People use the words “formula” and “formulaic” to describe writing that they find lackluster or uncreative. Following an exact formula for bread is one thing, following an exact formula for creative writing is another.

The great pulp author Lester Dent, best known as the creator of Doc Savage, famously wrote down the “formula” for the perfect pulp short story. You can find it here, and I hope you’ll take a look.

Go ahead and rail at the idea of this sort of master outline. I’ve tried to use it once, and ended up wandering off the path pretty quickly, myself. Please believe me that I am in no way encouraging you to be “formulaic” in any way.

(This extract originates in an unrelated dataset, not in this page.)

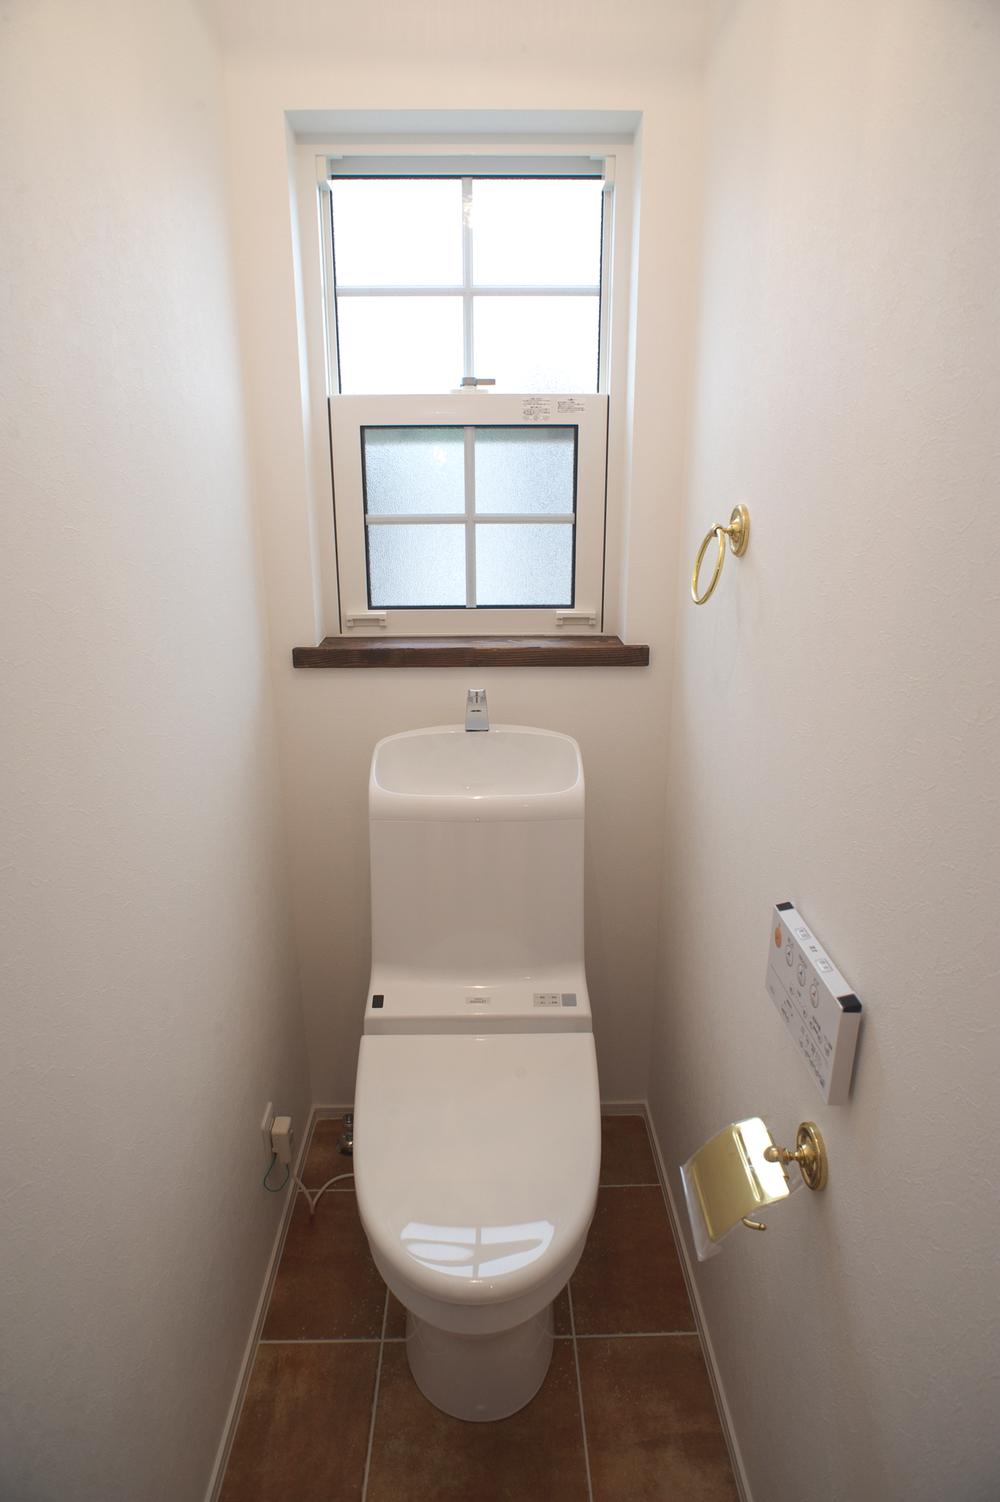 Other Equipment. We use the tile to the floor of the <same specifications Photos> toilet.

That having been said, though, I’m not sure it’s fair to call what Lester Dent created here a formula. To me it reads like a recipe. If you start cooking with a recipe for chili then decide to add a little more spice, use habañero peppers instead of jalapeños, or toss in a little beer (I always toss in a little beer), it’s still chili, it’s just stopped being the cookbook author’s formula for chili and morphed into your recipe.

Dent’s formula for a short story is actually less specific than the average food recipe, but in the same way that variations aside you and the cookbook author are both making chili, if you follow this outline you and Lester Dent are still writing a “pulp-style” thriller. And this recipe of Dent’s works as well for any genre, which makes it only less a formula.

I won’t reprint the entire document here, but there are a few pieces of advice in it that I think any author can and should pay attention to, regardless of your feelings about “pulp fiction” or fiction as entertainment, etc.

Does it have SUSPENSE?

Is there a MENACE to the hero?

Does everything happen logically?

This comes at the end of Dent’s first chapter. These three questions are immensely valuable. It’s important to keep in mind, too, that there are an infinite number of definitions for the words “suspense” and “menace,” that don’t necessarily mean the same thing in, say, a romance as they do a crime thriller. “I think my boyfriend is cheating on me,” can be just as suspenseful as “There’s a strange noise coming from the attic.” In the same vein, “menace” can be taken as literally—someone with a knife is chasing your protagonist through the midnight streets of Chinatown—or as figuratively—your romantic rival has stolen your cell phone and is about to send your boyfriend a mean text message—as you wish.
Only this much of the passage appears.